Autorius: RT Šaltinis: https://deutsch.rt.com/meinung... 2022-07-13 05:43:00, skaitė 569, komentavo 0
Ein Händler arbeiten auf dem Parkett der New Yorker Börse während des Morgenhandels am 23. Juni 2022 in New York City.
von Thorsten Schulte
Wussten Sie, dass der Preis für Erdgas in Europa seit Anfang 2020 um über 1.300 Prozent gestiegen ist? Noch mal: 1.300 Prozent. In den USA stieg er an der Börse in New York jedoch nur um 183 Prozent seit Anfang 2020. In Europa hat sich der Preis also vervierzehnfacht und in den USA noch nicht einmal verdreifacht. Noch deutlicher fällt der Vergleich seit dem 8. Juni 2022 aus. Bis heute ist der Preis für Erdgas in Europa um weitere 113 Prozent gestiegen, aber in den USA, an der New Yorker Börse ist er um 28 Prozent gefallen.

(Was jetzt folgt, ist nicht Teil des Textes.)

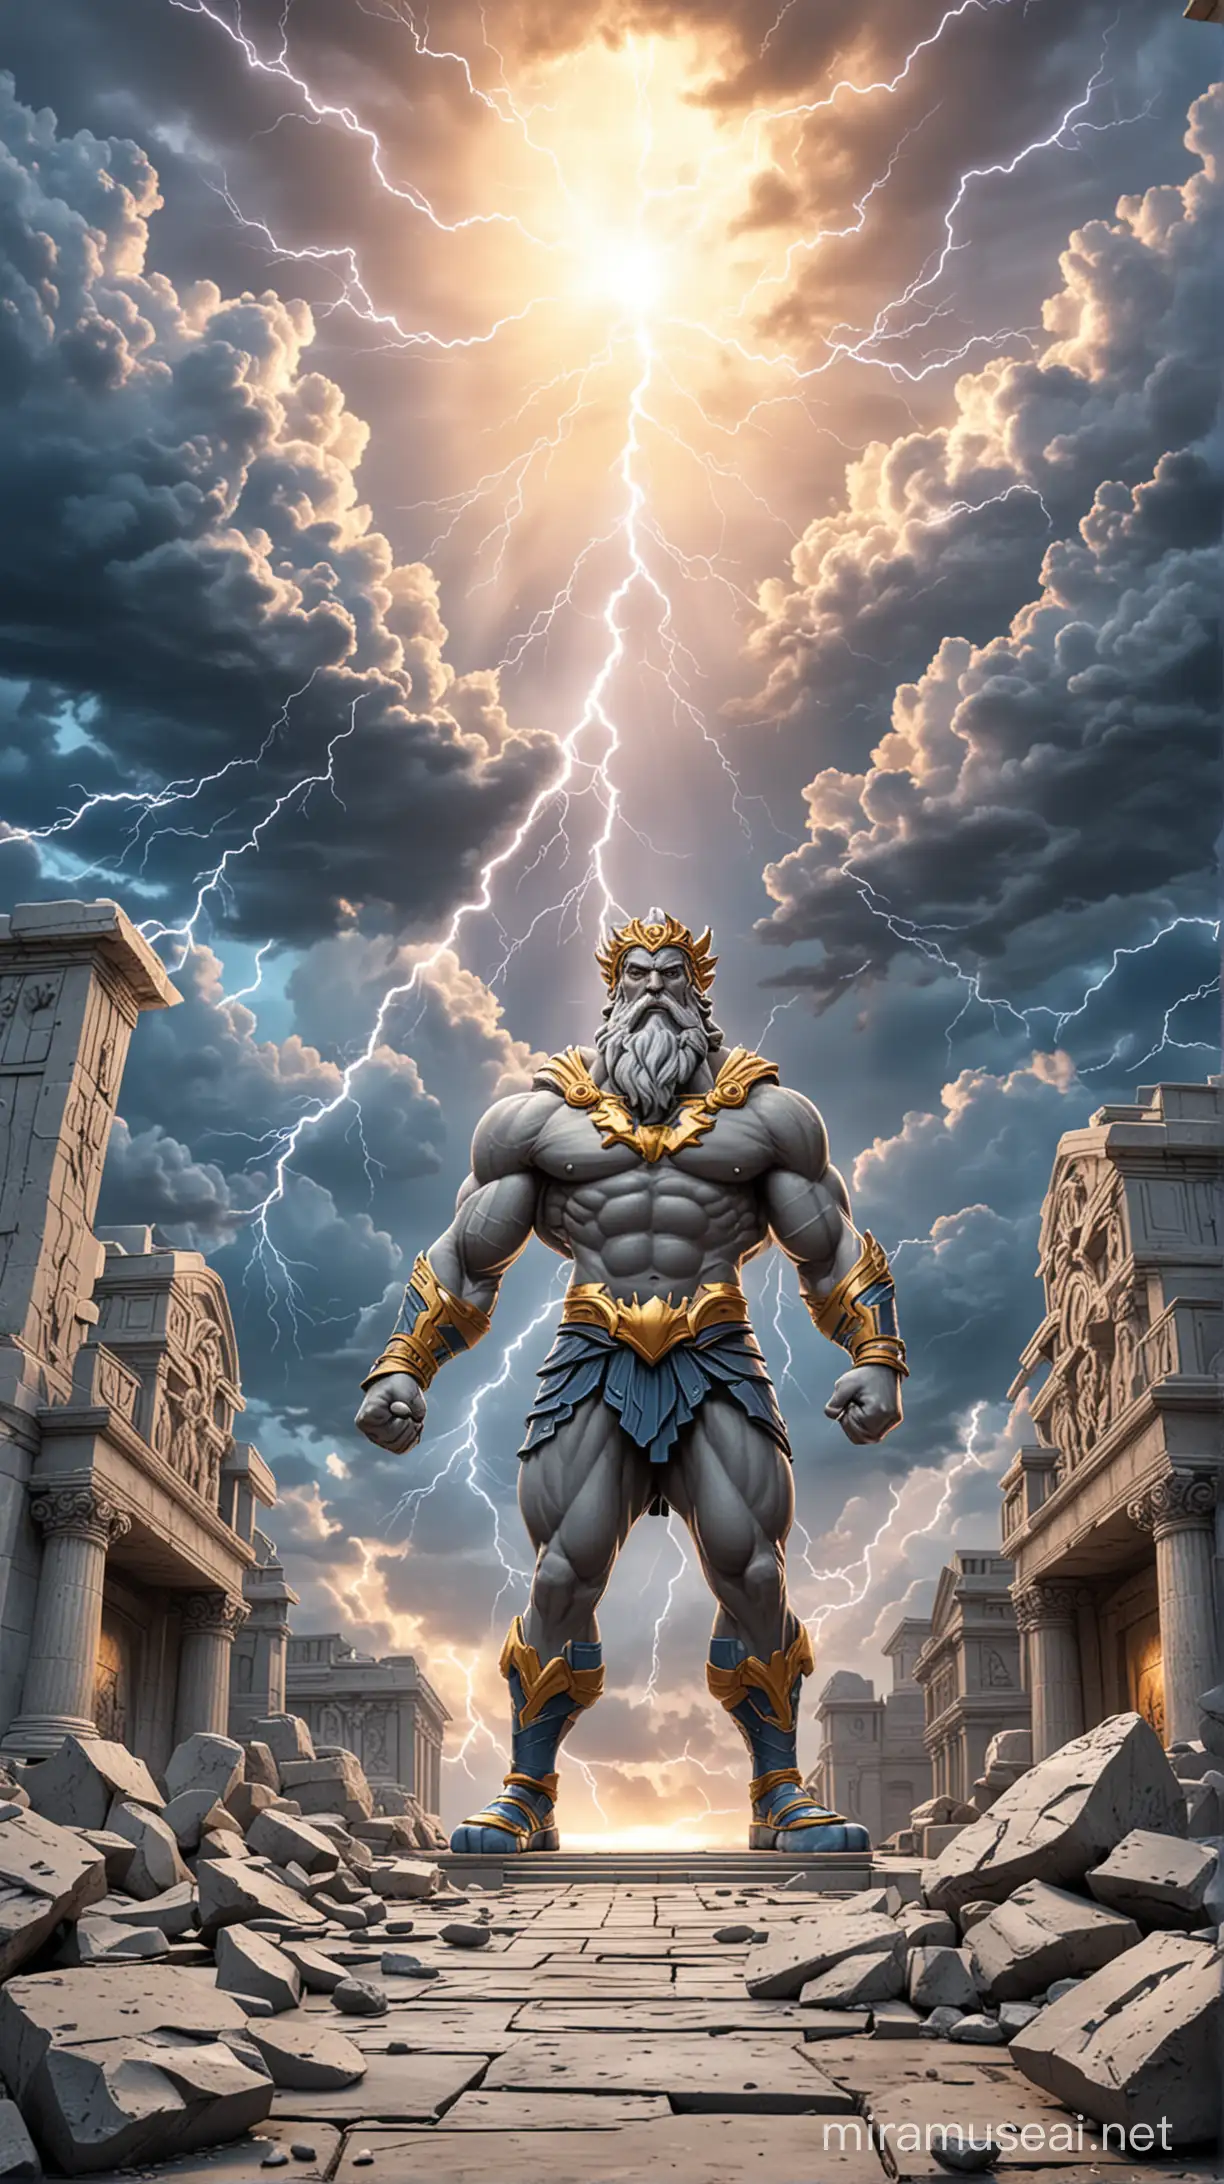 Cartoon background on zeus, beton, lightning and sky  theme

Jeder kann diese Entwicklungen überprüfen, anhand von Charts der US-Nachrichtenagentur Bloomberg.
Die Erdgas-Preisexplosion in Europa
US-Präsident Joe Biden sagte beim G7-Gipfel Ende Juni: "Was kann Russland aushalten und was ist Europa bereit auszuhalten?" Richtig, denn die USA müssen nichts davon "aushalten". Europa und vor allem Deutschland und Russland müssen was aushalten, nicht Nordamerika. Die US-Elite lacht sich praktisch ins Fäustchen.

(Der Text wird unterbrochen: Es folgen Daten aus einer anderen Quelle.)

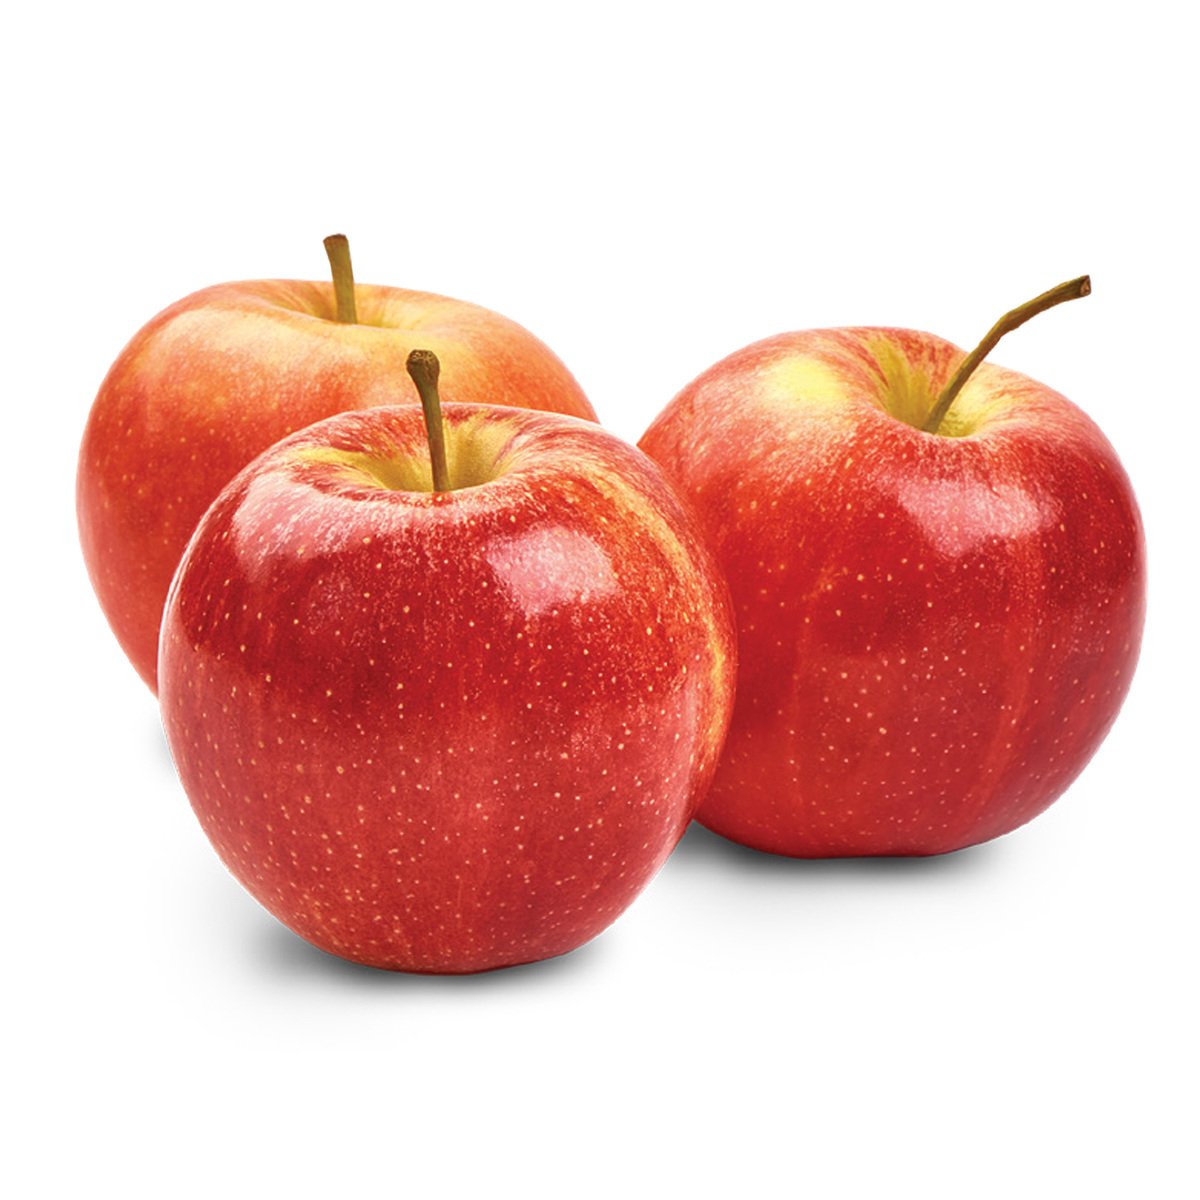 Apple Red Iran 1kg Online at Best Price, Apples

Die jüngste Entwicklung des Erdgaspreises an der New Yorker Börse
Und ja: die Gaspreise explodieren in Europa beispiellos. Selbst die Bild klagt nun, wie die Bürger das bezahlen sollen. Die Politiker wollen ja nun die Schwächsten – vielleicht – schützen: mit einer Gaspreisobergrenze. Nun gut. Aber viel wichtiger: Wie soll denn die deutsche Wirtschaft das aushalten? Der deutsche Mittelstand? Selbst der BASF-Chef, von dem deutschen Chemiekonzern schlechthin, warnte bereits im März davor, dass das gesamte Werk von BASF in Ludwigshafen stillgelegt werden müsste – ohne russisches Erdgas. Wir reden über den weltgrößten Chemiestandort, der allein bereits für rund 3,7 Prozent des gesamten deutschen Erdgasverbrauchs steht.
Die deutsche Wirtschaft war bereits 2020 mit den höchsten Strompreisen der Welt konfrontiert, die jetzt aber auch nochmals kräftig zulegen. Übrigens hatten "wir" Ende 2021 drei Atomkraftwerke abgeschaltet, Ende 2022 folgen weitere drei, die letzten drei. Tja, und Ursula von der Leyen, die EU-Kommissionspräsidentin, postete am 30. Juni, sie sei sehr erfreut, verkünden zu können, dass nun die Ukraine Atomstrom in die Europäische Union liefern könne:
Deutsche Politiker, wacht endlich auf! Lasst Euch nicht vor den Karren der USA spannen, die nichts auszuhalten haben. Beendet die Unvernunft deutscher Politik schnellstens, bevor uns das alles um die Ohren fliegt.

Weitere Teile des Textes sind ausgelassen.